Kristen Stewart finally figuratively exfoliated herself of her annoying hair-twirling tic (and I say this as someone who occasionally twirls her hair). She also plays Bella in a far less annoying way. That said, I wish she’d break free, in the words of Freddie Mercury, from her ’90s fashion, which looks like leftover costumes from the set of My So-Called Life. And stop being a mouth-breather. And get a better WIG–wait, was this the section of stuff I liked? More on that later.
The somewhat hackneyed gentlemen of yore so prevalent in vampire fiction of which I never tire. Why? Because in contrast with these total douchebags we’re dealing with here, they’re the cultural equivalent of lemon sorbet. Case in point, see dialogue from the film. Bella is trying to convince Edward to sleep with her (can you blame a girl?) and Edward says: “I’m from a different era. Things were… less complicated. For instance, I was considered a man at eighteen. Had I met you then, I’d have courted you…. and called on you at home. We’d have taken chaperoned strolls, or had iced tea on the front porch. I might have even stolen a kiss or two. And after asking you father’s permission, I’d have gotten down on one knee.”
Chaperoned strolls? Having a drink (a non-alcholic one!) with a boy during the daytime hours–wait, he actually wants to have one BEFORE 11PM–with no funny business in mind? Consider me charmed.
The fact that the total queen next to me squealed “Slut!” when it was revealed that Edward was interested in PG activities while Bella was clearly into getting spicy.
The casting of Leah Clearwater–what a venomous ho, right?
So, so much shirtless TLaut, who’s now legal. Thank you, universe, for small pleasures.
Far more Architectural Digest scenes of the Cullens’ house–love!
The tent scene did not disappoint.
The Let’s Get Lost song by Beck & Bat for Lashes (clearly the best band name, ever) on the The Twilight Saga: Eclipse soundtrack is my new fave song. I listened to it on repeat my entire walk to work.
Jasper suddenly remembers he’s southern and uses this completely new accent with us.
Bella‘s wig–horrendous. There’s one scene where her hair is half-up and she may as well have asked a cat to sit on her head. It would have looked as real.

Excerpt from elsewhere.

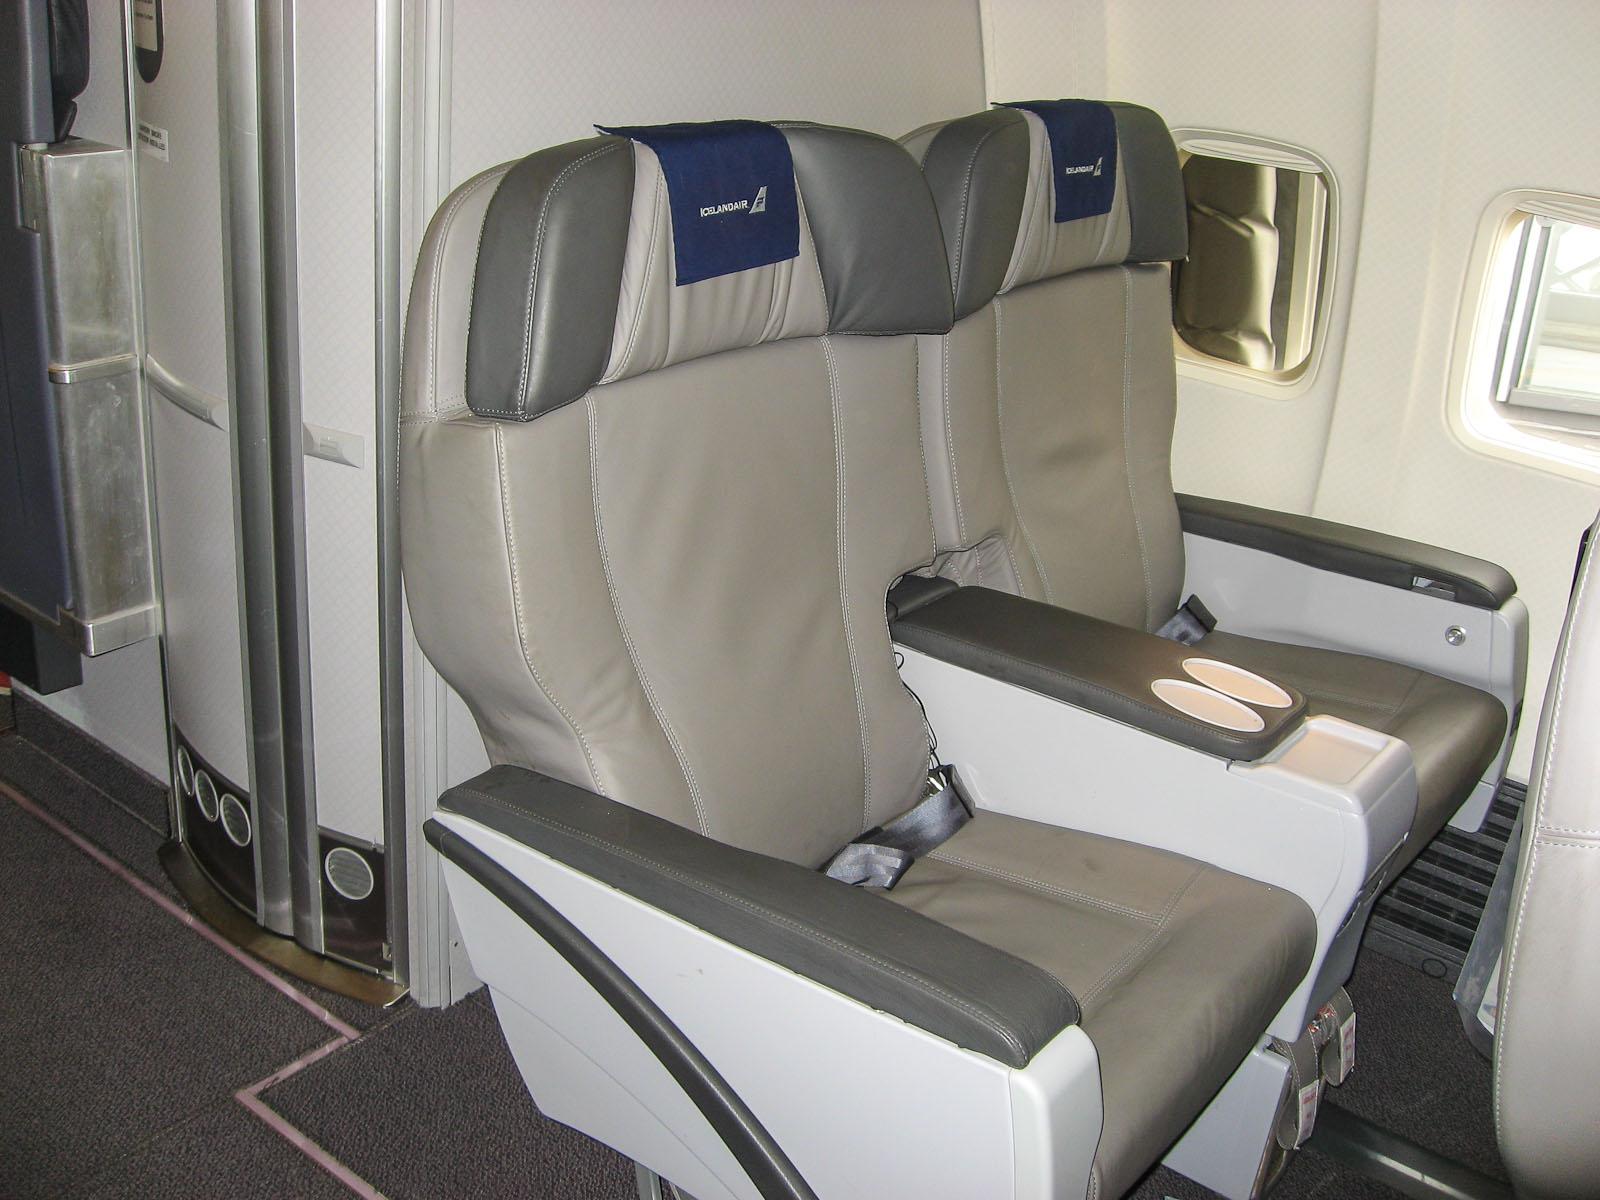 Кресла бизнес-класса в самолете Боинг-757-200 авиакомпании Icelandair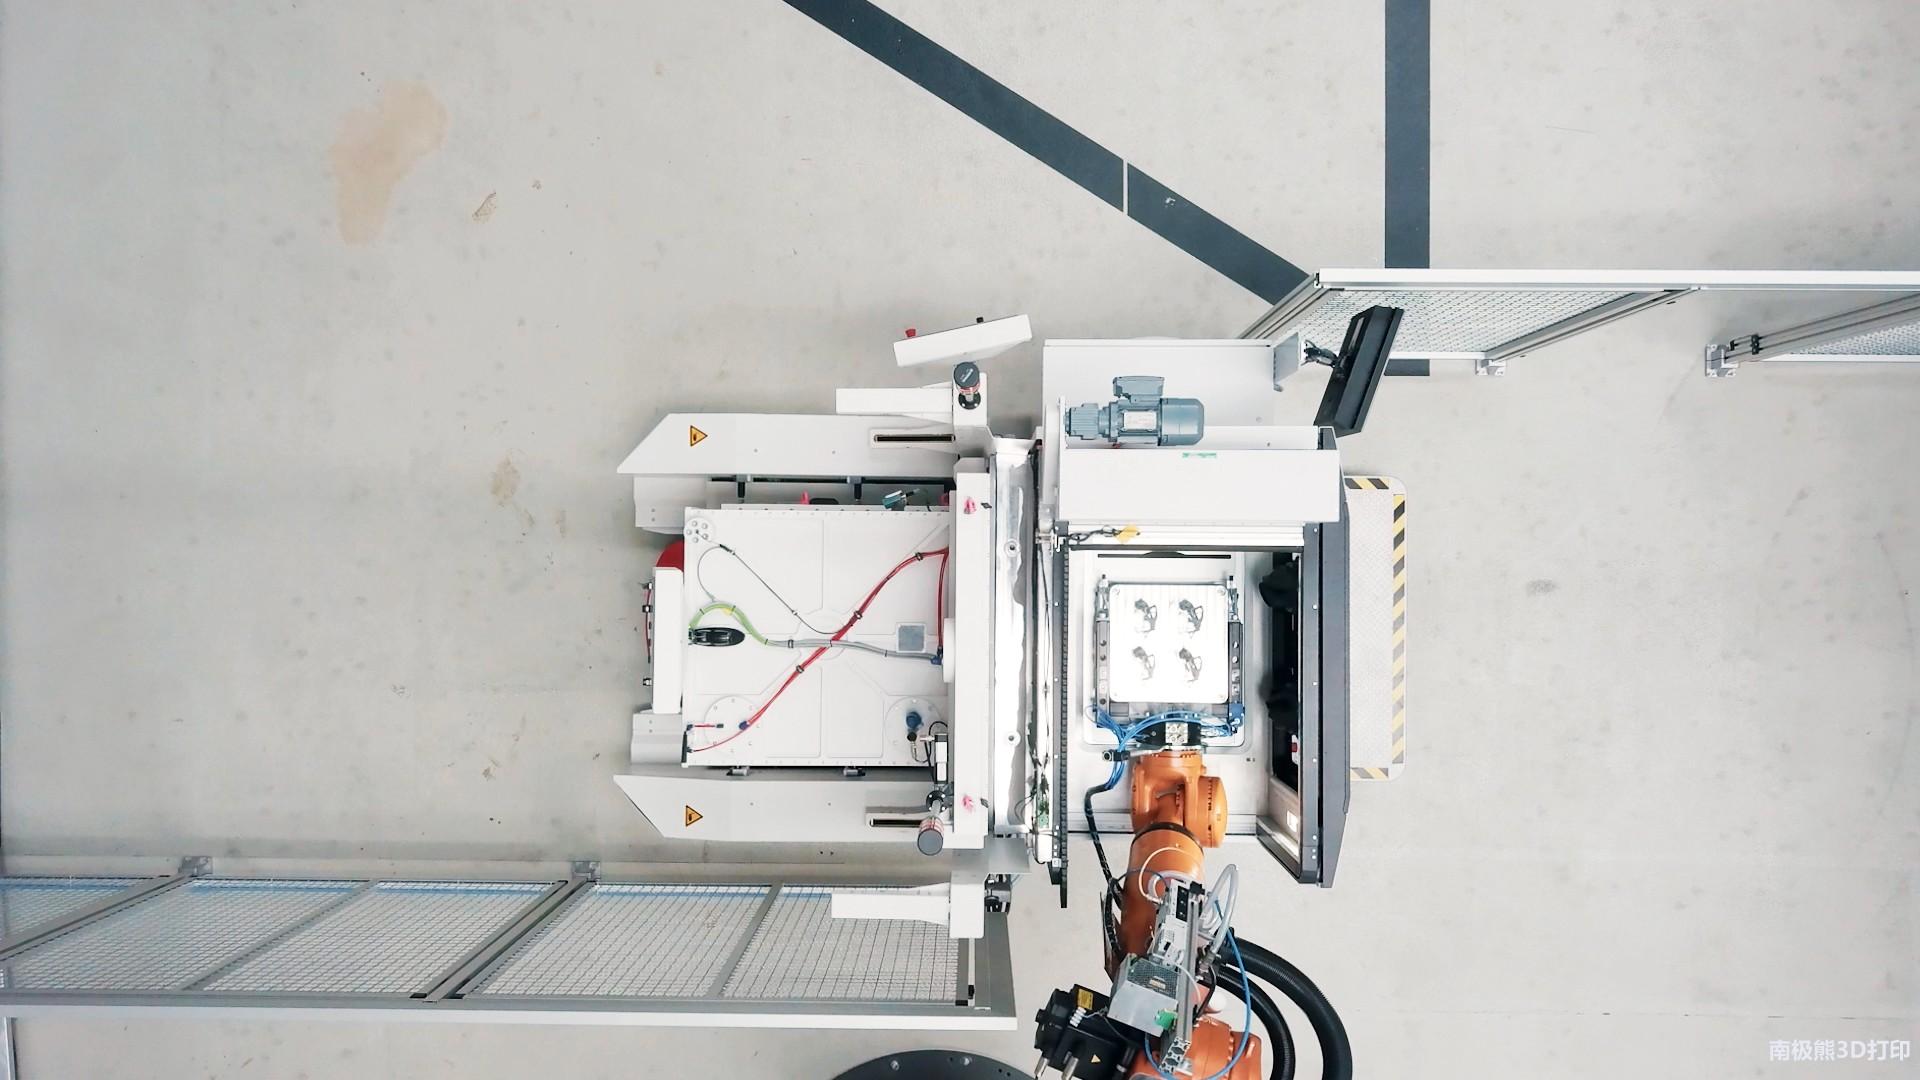 全自动化金属3D打印生产工厂已试运行2年 制造成本降低50%

Edward has reinvented himself as Brandon Walsh with his VERY 90210 sideburns. A subtle nod to Bella’s ’90s aesthetic? Someone call Mrs. Beasley.
BDH (Bryce Dallas Howard) was totally miscast. She’s so NOT a villain. Rachelle Lefevre was IT–she performed that acrid, nefarious role with aplomb. She’s been replaced with a pretty girl with the total WRONG vibe. Dude, that’s Richie Cunningham‘s daughter. That’s all I could see.
The famous makeout scene DID disappoint. Give the people the full PG-13 rating they paid for. And by people, I mean me.
Overall though, it was definitely worth seeing: It actually exceeded my expectations. I’ll likely blow my allowance on a second viewing sometime this month in-theater. What did you think of the movie? Do tell!